但那包裹物之下,却清晰地传来金属的重量感。
环状的硬物紧紧箍住他的腕骨和脚踝,轻微一动,便发出细碎的金属摩擦声。
岑晚想坐起身,却只是徒劳地挣动了一下,发出更大的锁链哗啦声。
锁链的长度经过精确计算,足以让他在床上小幅活动,却绝对无法离开这张床的范围。
最后他认命地、僵硬地、一点点地转过脖颈。
床边坐着一个男人。
他仿佛已经坐在那里很久很久,久到与那片阴影融为一体。
依旧穿着那身笔挺冰冷的军服,没有任何多余的动作。
就那样静静地坐着,背脊挺直如松,却又带着一种难以言喻的危险感。
室内灯光在他脸上投下深刻的阴影,让那本就俊美到锋利的五官更显立体,却也更添了三分非人的阴郁。

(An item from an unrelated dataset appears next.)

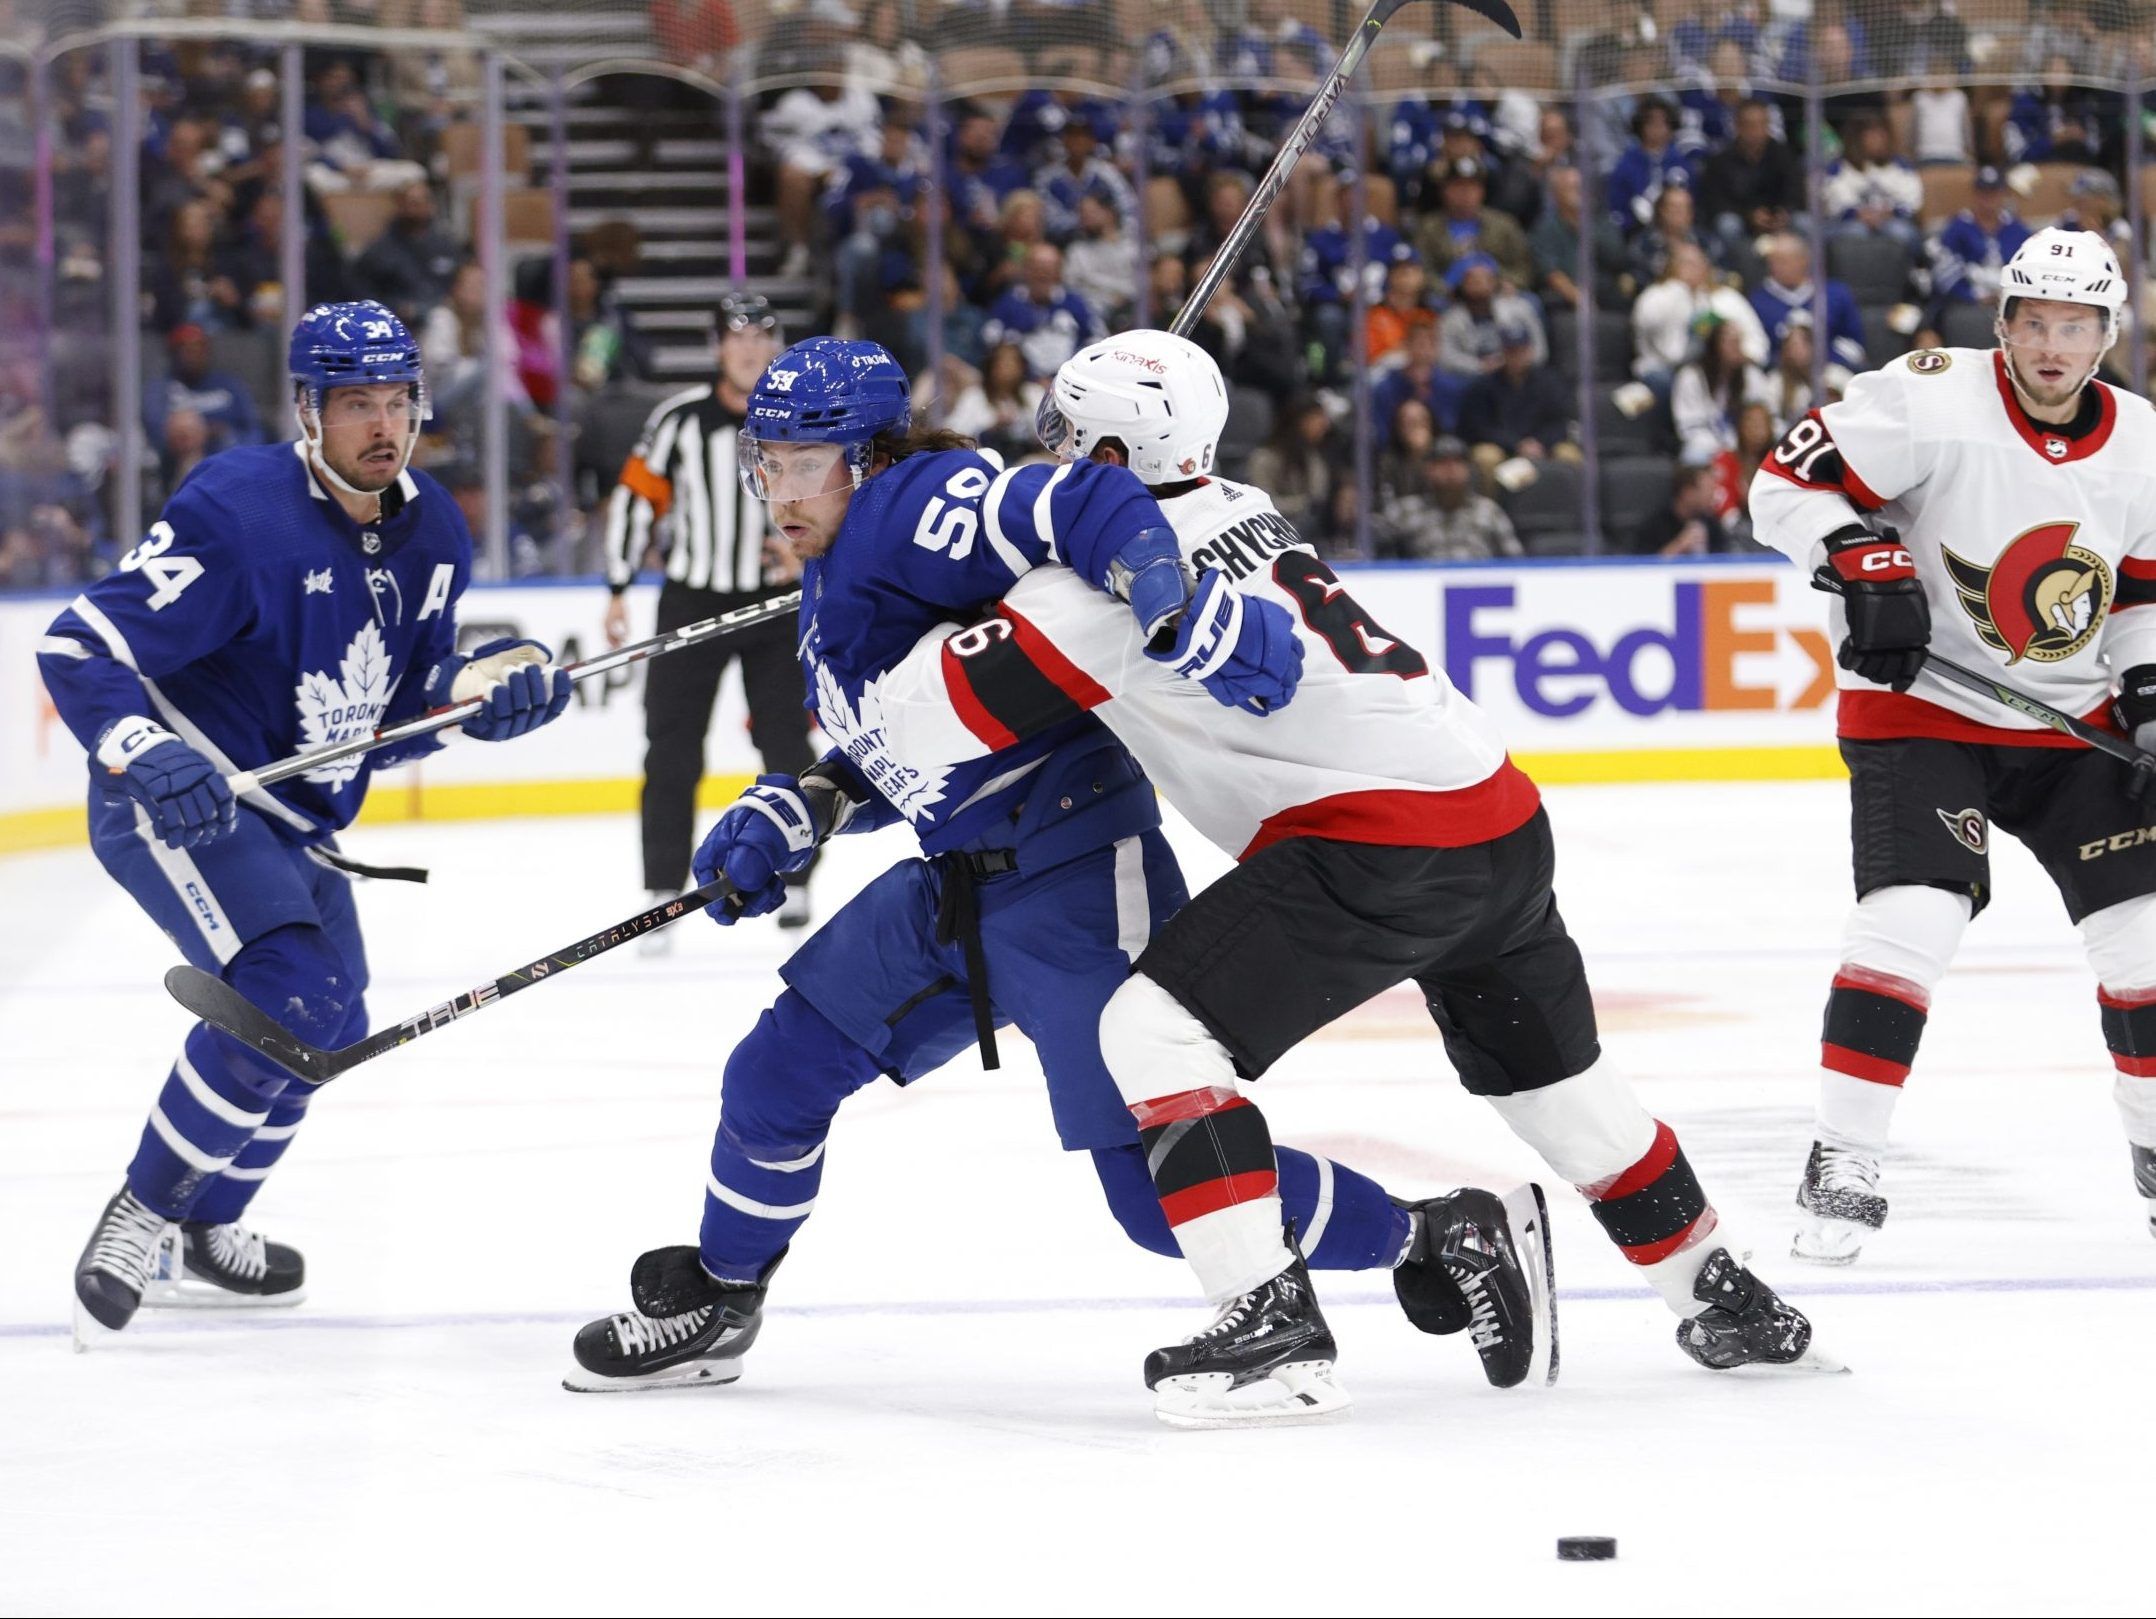 Tyler Bertuzzi - Toronto Maple Leafs Left Wing - ESPN
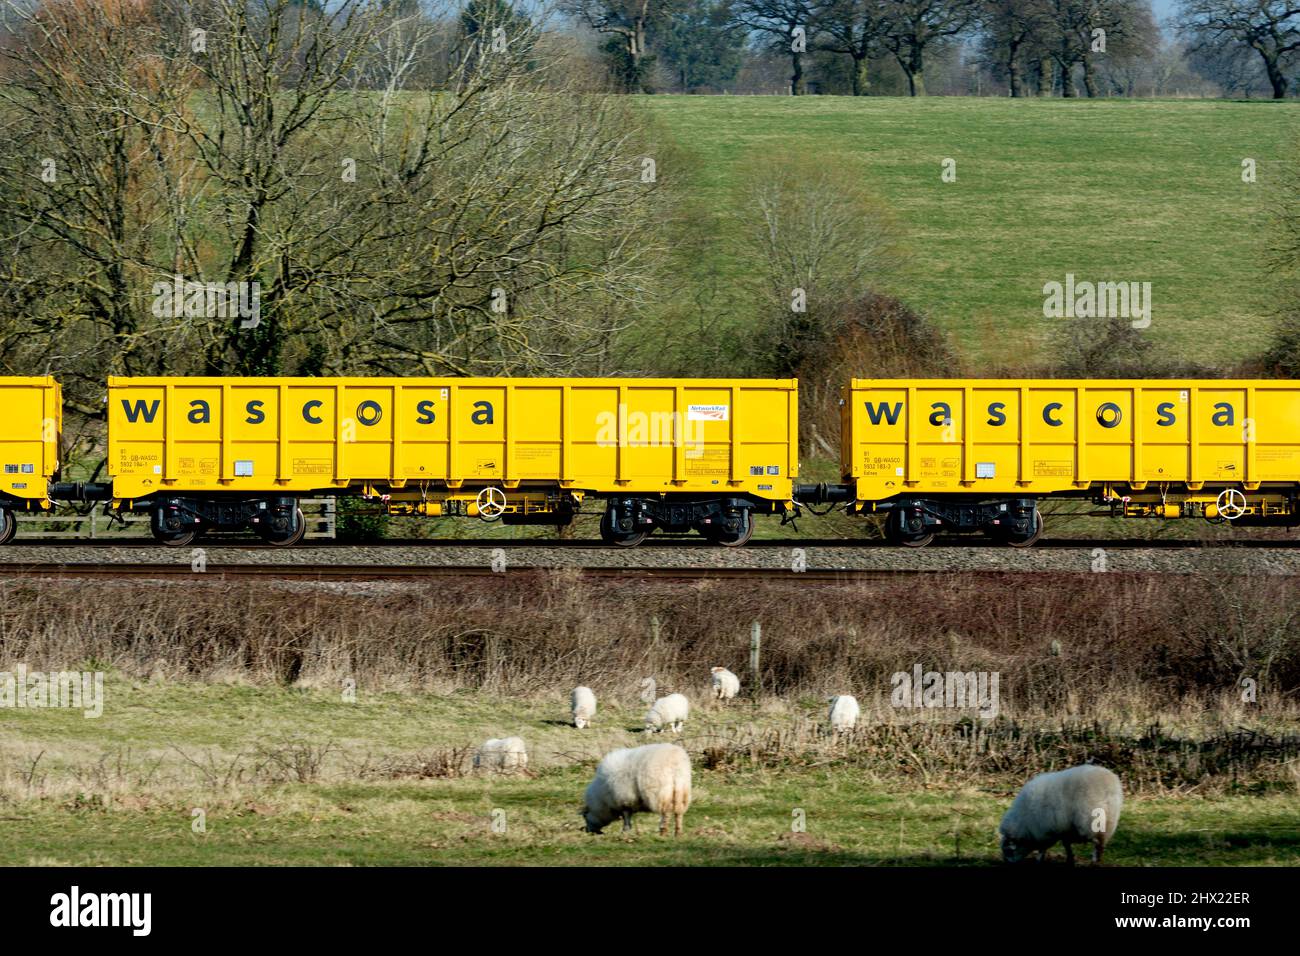 Wascosa wagons on a Network Rail ballast train, Warwickshire, UK Stock Photo

他面色苍白得没有一丝血色,眼底是浓得化不开的青黑,像地狱爬上来的恶鬼。
那双潭古井般的眼睛,正一瞬不瞬地、死死地、牢牢地钉在岑晚的脸上。
没有愤怒,没有质问,没有激动。
只有一种近乎贪婪的、要将眼前人每一寸肌肤、每一根发丝都刻入骨髓的、令人毛骨悚然的专注。
如同一条守着失而复得却脆弱不堪的稀世珍宝的恶龙。
房间里死寂一片。
岑晚只听得见自己略显急促的呼吸声和清晰的心跳声。
他努力扯出一个僵硬又无辜的笑,试图假装自己仍然是一个弱智:
“呃……呵呵……”声音干涩,语气茫然。
“你是谁啊?我要找我的爸爸妈妈!”
他努力让自己的眼神看起来愚蠢又无辜。